1. Configure rustls server with AEAD-only cipher suites and client certificate verification:
use axum::Router;
use std::net::SocketAddr;
use rustls::{Certificate, PrivateKey, ServerConfig};
use rustls::pki_types::{CertificateDer, PrivateKeyDer};
use std::sync::Arc;
async fn make_router() -> Router {
// Define your routes here
Router::new()
}
#[tokio::main]
async fn main() {
let cert = load_certs("cert.pem");
let key = load_private_key("key.pem");
let client_ca = load_client_certs("client-ca.pem");
let mut config = ServerConfig::builder()
.with_safe_defaults()
.with_no_client_auth() // we will set client auth below
.with_single_cert(cert, key)
.expect("valid cert and key");
// Require client certificates for mTLS
config.client_auth_root_subjects = client_ca.into_iter().map(|c| c.subject).collect();
config.client_auth = Arc::new(|_endpoints| Ok(rustls::server::ClientAuth::Required));
// Enforce AEAD-only: disable CBC and other non-AEAD ciphers via cipher suite selection
config.ciphersuites = vec![
rustls::cipher_suite::TLS13_AES_256_GCM_SHA384,
rustls::cipher_suite::TLS13_CHACHA20_POLY1305_SHA256,
rustls::cipher_suite::TLS12_AES_256_GCM_SHA384,
rustls::cipher_suite::TLS12_AES_128_GCM_SHA256,
]
.into_iter()
.collect();
let addr = SocketAddr::from(([127, 0, 0, 1], 3000));
let listener = tokio::net::TcpListener::bind(addr).await.unwrap();
let app = make_router();
axum::serve(
listener,
app.into_make_service_with_connect_info::(),
)
.tls_config(rustls::TlsAcceptor::from(Arc::new(config)))
.unwrap()
.await
.unwrap();
}
fn load_certs(path: &str) -> Vec<CertificateDer<'static>> {
rustls_pemfile::certs(&mut std::io::BufReader::new(std::fs::File::open(path).unwrap())).unwrap()
}
fn load_private_key(path: &str) -> PrivateKeyDer<'static> {
let mut reader = std::io::BufReader::new(std::fs::File::open(path).unwrap());
let keys = rustls_pemfile::pkcs8_private_keys(&mut reader).unwrap();
keys.into_iter().next().unwrap().into()
}
2. If using native-tls (less common for mTLS in modern Rust), prefer upgrading to rustls or ensure the native-tls backend does not negotiate CBC suites; however, rustls is recommended for fine-grained control.

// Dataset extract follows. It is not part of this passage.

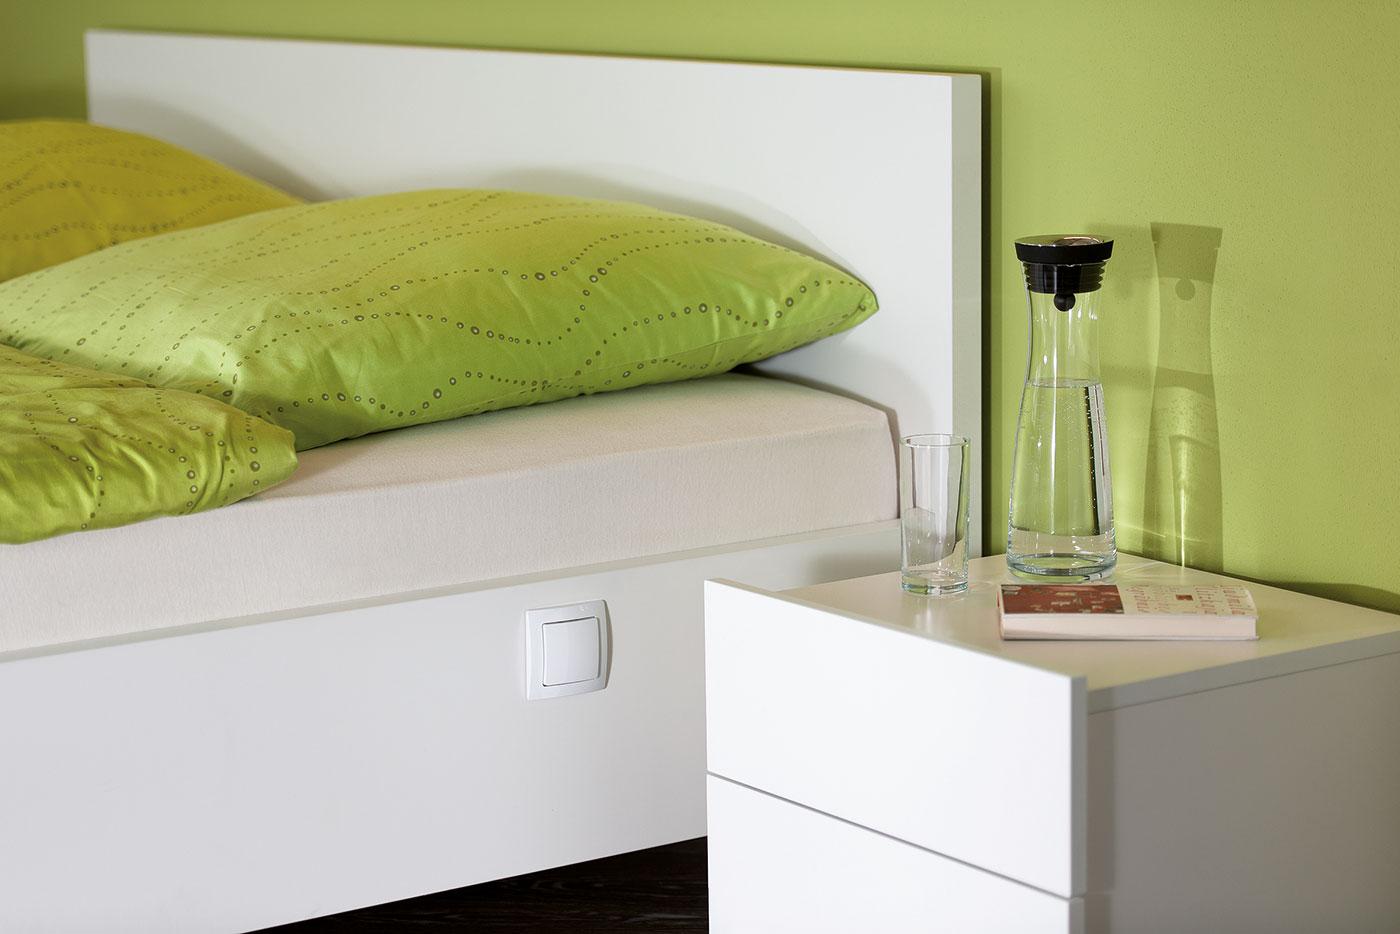 ausprobiert philips hue per devolo home control steuern. Black Bedroom Furniture Sets. Home Design Ideas

3. Ensure that application logic does not use the client certificate fingerprint or subject as a sole authorization token without additional validation; treat mTLS as transport-layer authentication and enforce authorization checks in your handlers to prevent indirect side channels that could be leveraged in conjunction with a Beast attack.